Citation:

Gray, E. Quantification of the uncertainties in extrapolating from in vitro androgen receptor (AR) antagonism to key events in in vivo screening assays and adverse reproductive outcomes in F1 male rats. Society of Toxicology Annual Meeting 2016, Baltimore, MD, March 12 - 16, 2017.

Impact/Purpose:

the 2016 TSCA legislation calls for the use of validated HTS, in vitro, in vivo screening assays and tiered testing strategies to facilitate human health risk assessment and to reduce or replace animal use where possible. The current effort describes that the potency of chemicals with antiandrogenic activity to disrupt reproductive development in the male rat offspring can be predicted with reasonable certainty from a short-term screening assay, potentially reducing the resources required (time, animals, money, labor) to test chemicals for their ability to induce adverse developmental reproductive effects in utero.

Description:

There are multiple molecular initiating events (MIEs) that can disrupt male sexual differentiation including AR antagonism and inhibition of synthesis, and metabolism of fetal testosterone.

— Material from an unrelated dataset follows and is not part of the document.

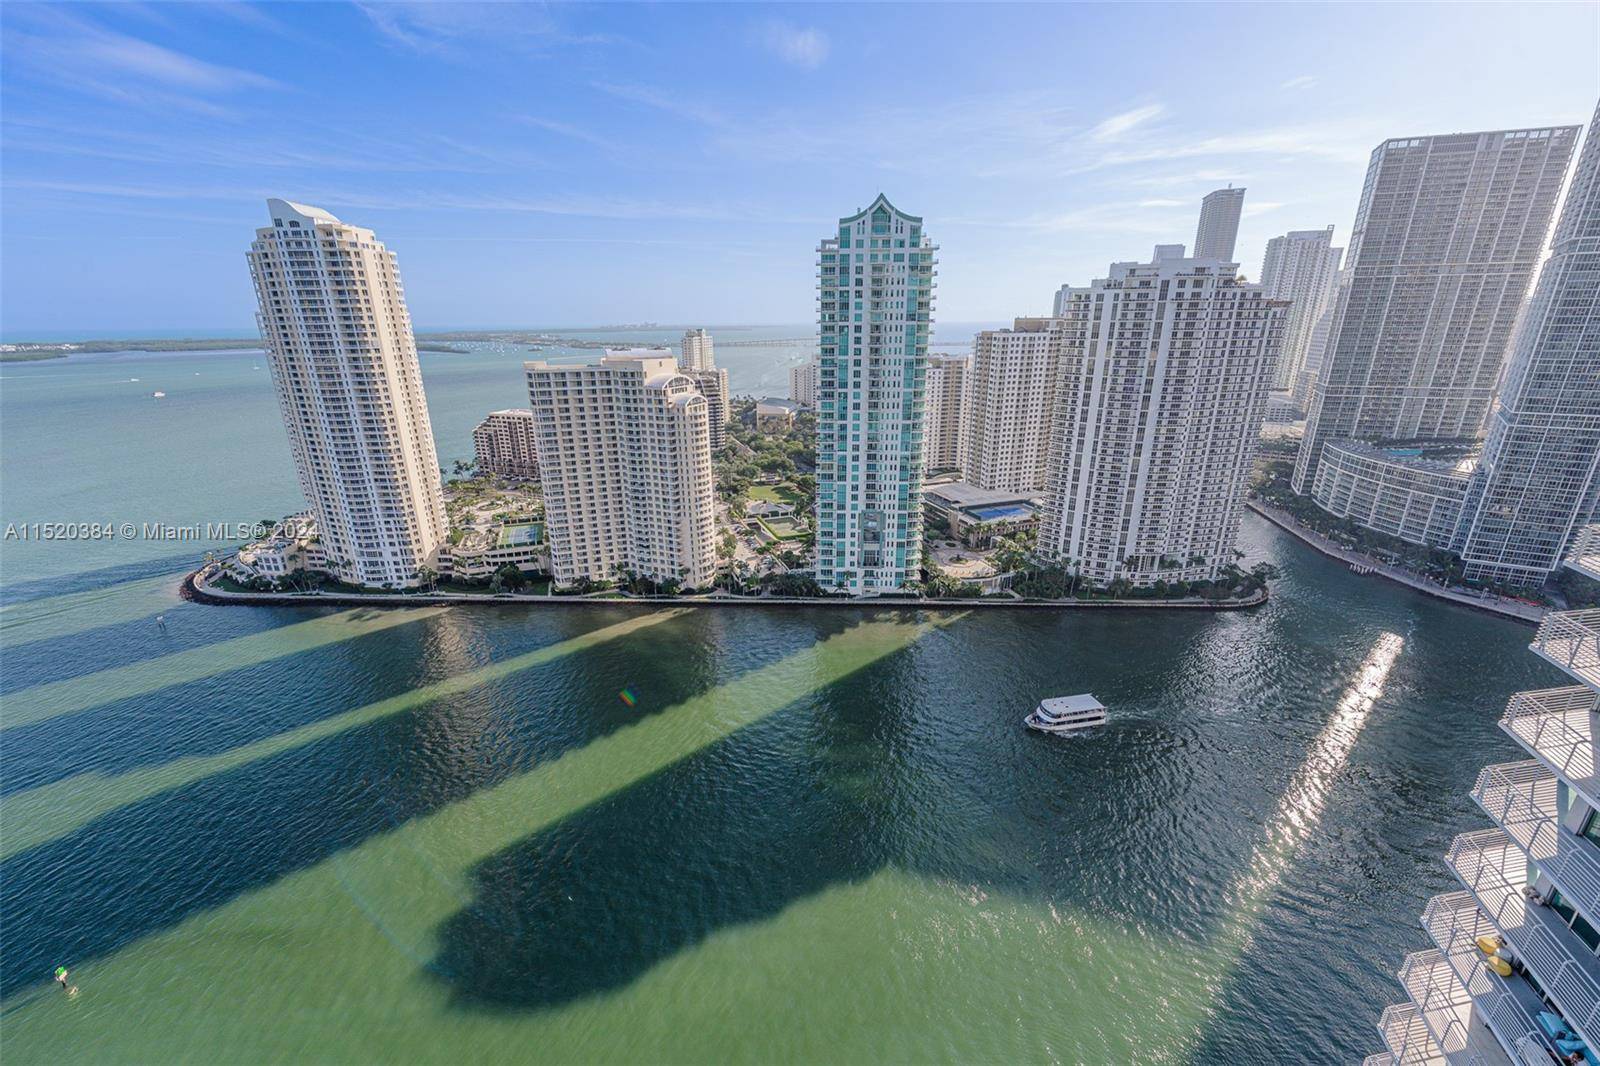 Exquisite 2 bed, 2 bath condo, fully renovated, showcasing breathtaking views of Biscayne Bay and Brickell.

Disruption of this event by pesticides like vinclozolin that act as AR antagonists and phthalate esters that inhibit fetal testosterone synthesis and alter testis gene expression, both reduce anogenital distance (AGD) and induce some common reproductive tract malformations in F1 male rat offspring. We are developing a quantitative network of adverse outcome pathways (AOPs) that includes multiple MIEs and key events linking anti-AR activities to permanent reproductive abnormalities. Here, our objective was to determine how precisely the EC50s from AR antagonism (the MIE) in vitro or ED50s from the in vivo Hershberger Assay (HA; reduced tissue growth a downstream key event in the AOP) predict the ED50s for reduced anogenital distance (AGD) in male rats after in utero exposure to AR antagonists. This effort combined in house data with published studies from the last 60 years on the effects of AR antagonists in the HA and on AGD and other malformations in male rat offspring. HA studies using castrate-, androgen-, stimulated- immature male rats that were dosed orally for 7 to 10 days, as well as developmental studies with oral exposure during sexual differentiation followed by a postnatal assessment of neonatal AGD and other effects were selected. The ED50s from the in vivo assays and the in vitro EC50s for AR antagonism were compared using regression models to determine the goodness-of fit and prediction intervals. In total, 250 studies were selected and included in the analysis, currently comprising 58 chemicals with data from at least two of the three assays. As reported in the literature, the ability to predict potency for key events and adverse developmental effects from the in vitro MIE displays considerable uncertainty with R2 values from in vitro to HA or AGD of about 25% and 5%, respectively. In contrast, there is less uncertainty in extrapolating from the HA to the in utero effects on neonatal AGD (R2 value of about 90%). In summary, the current results suggest that the key events measured in the HA can be extrapolated with reasonable certainty to predict the ED50s for the adverse effect of antiandrogenic chemicals on AGD. Ongoing efforts are adding additional key events and adverse outcomes to the analysis.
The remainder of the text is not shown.